Instructions for the task: In your copy of the data, keep every word exact and include no pictures.

Raw data:
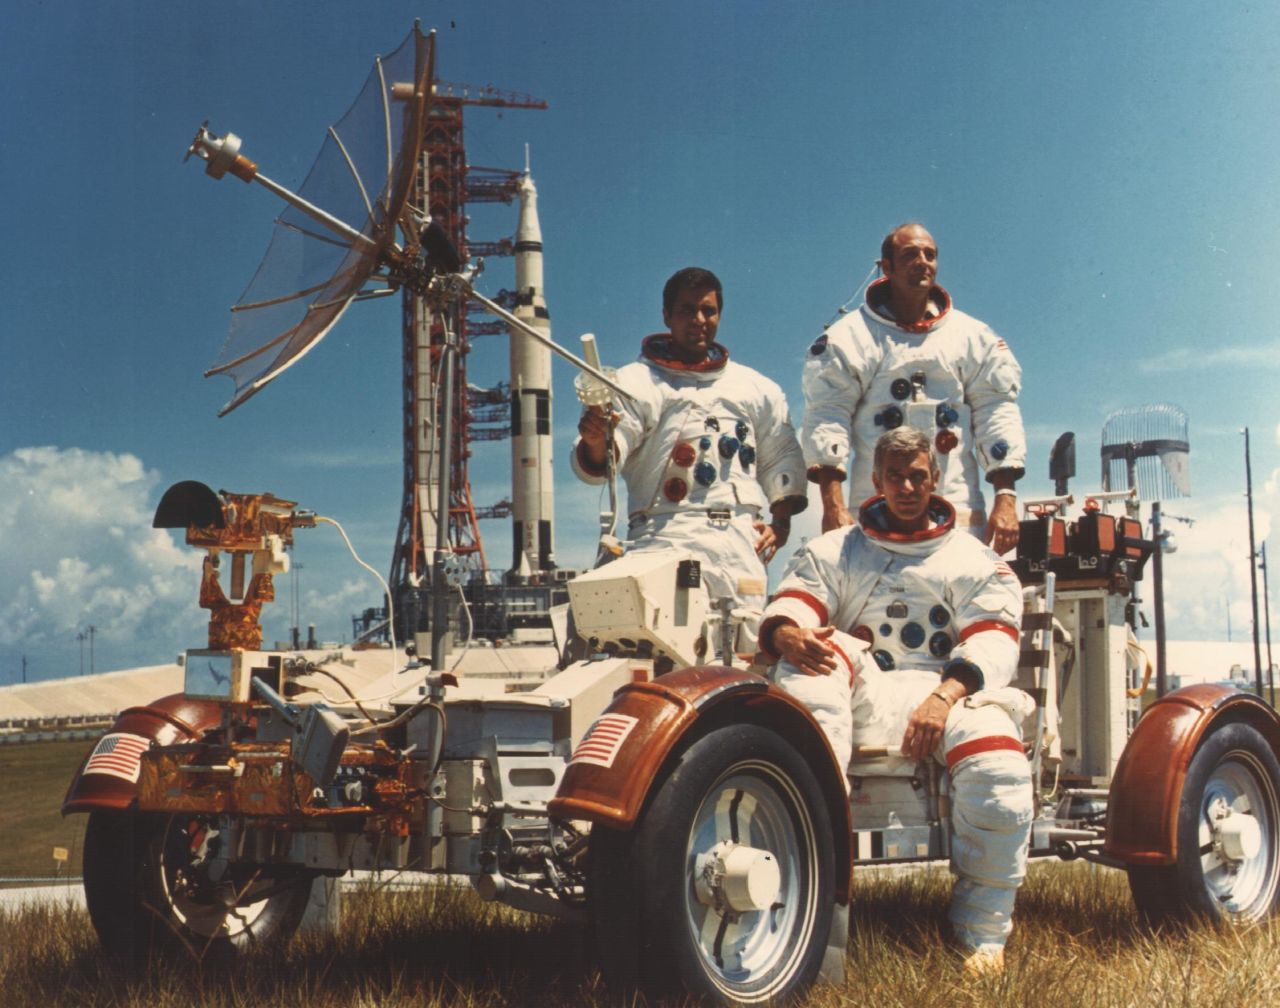 Apollo 17 was NASA's last manned mission to the moon. It launched on December 7, 1972, landed on the moon December 11 and splashed down on Earth on December 19. From left are Harrison Schmitt, Gene Cernan and Ronald Evans. Schmitt and Cernan walked on the moon while Evans orbited in the command module. The crew stayed on the surface 75 hours and collected 243 pounds of lunar material. 
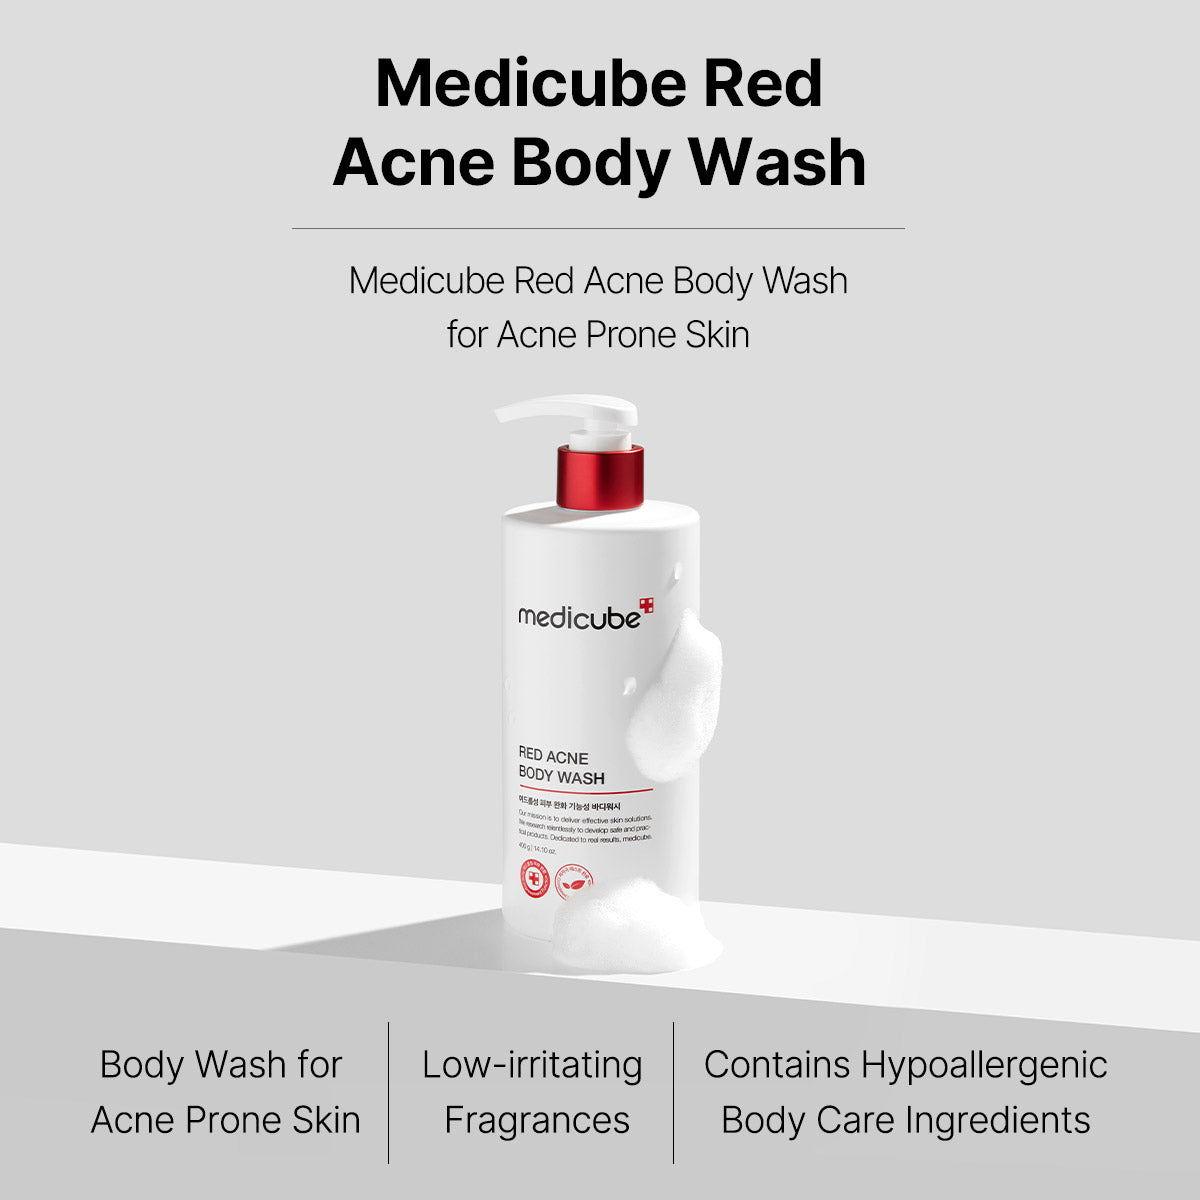 Red Acne Body Wash
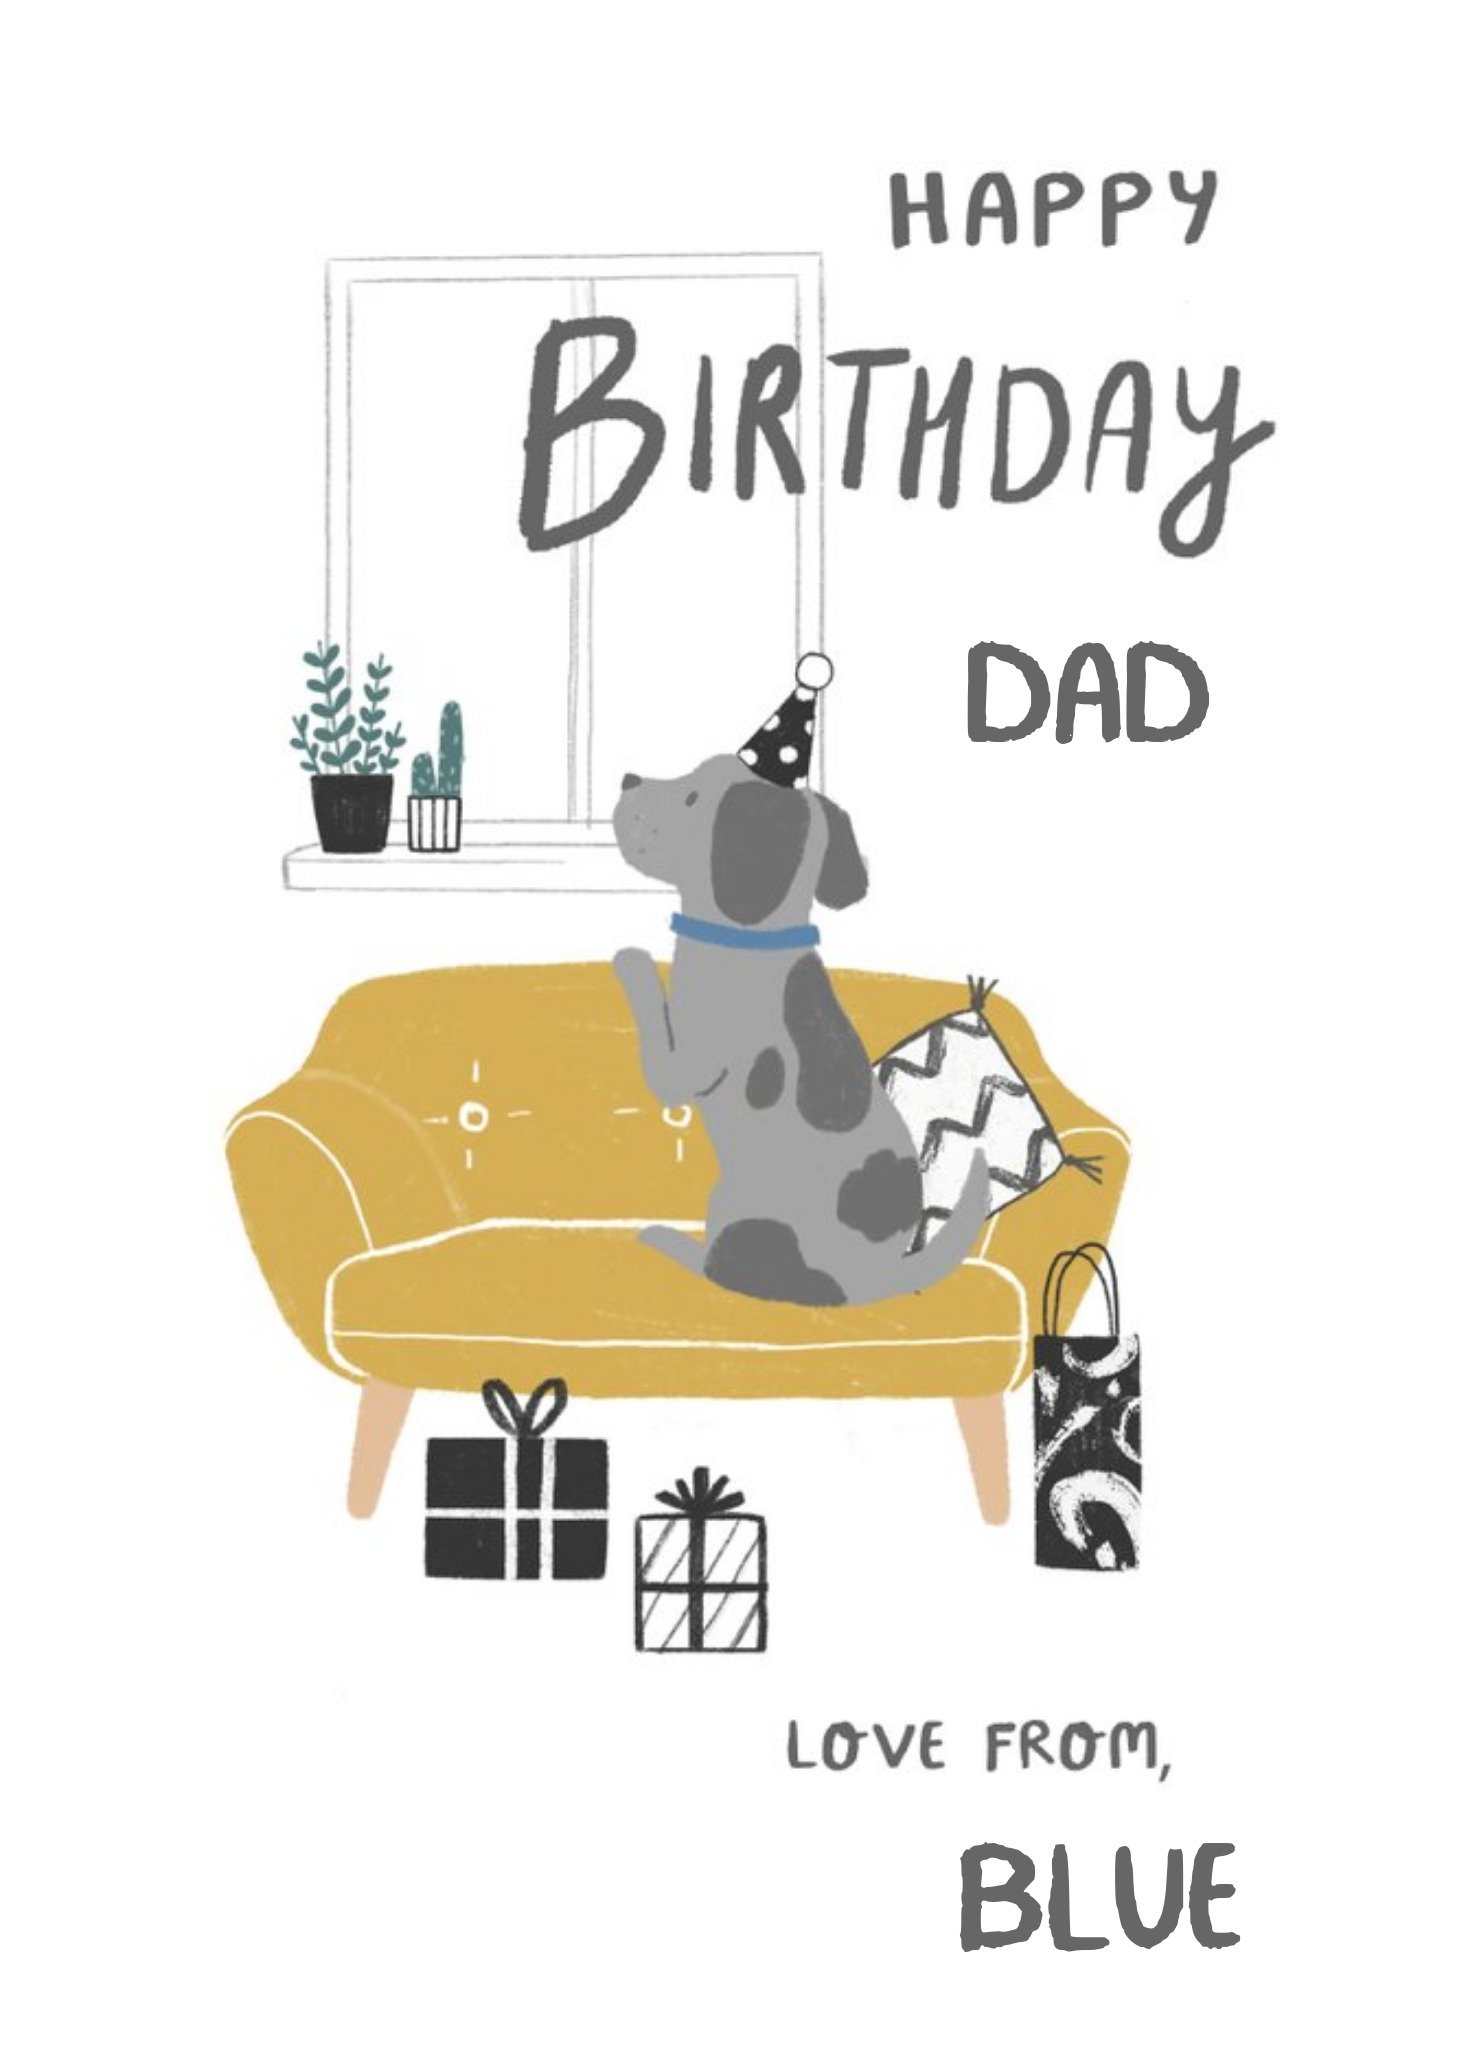 Other Millicent Venton Birthday Dad From Dog Pet Mustard Celebration Presents Male Ecard

Written solution:
 Apollo 17 was NASA's last manned mission to the moon. It launched on December 7, 1972, landed on the moon December 11 and splashed down on Earth on December 19. From left are Harrison Schmitt, Gene Cernan and Ronald Evans. Schmitt and Cernan walked on the moon while Evans orbited in the command module. The crew stayed on the surface 75 hours and collected 243 pounds of lunar material. 
 Red Acne Body Wash
 Other Millicent Venton Birthday Dad From Dog Pet Mustard Celebration Presents Male Ecard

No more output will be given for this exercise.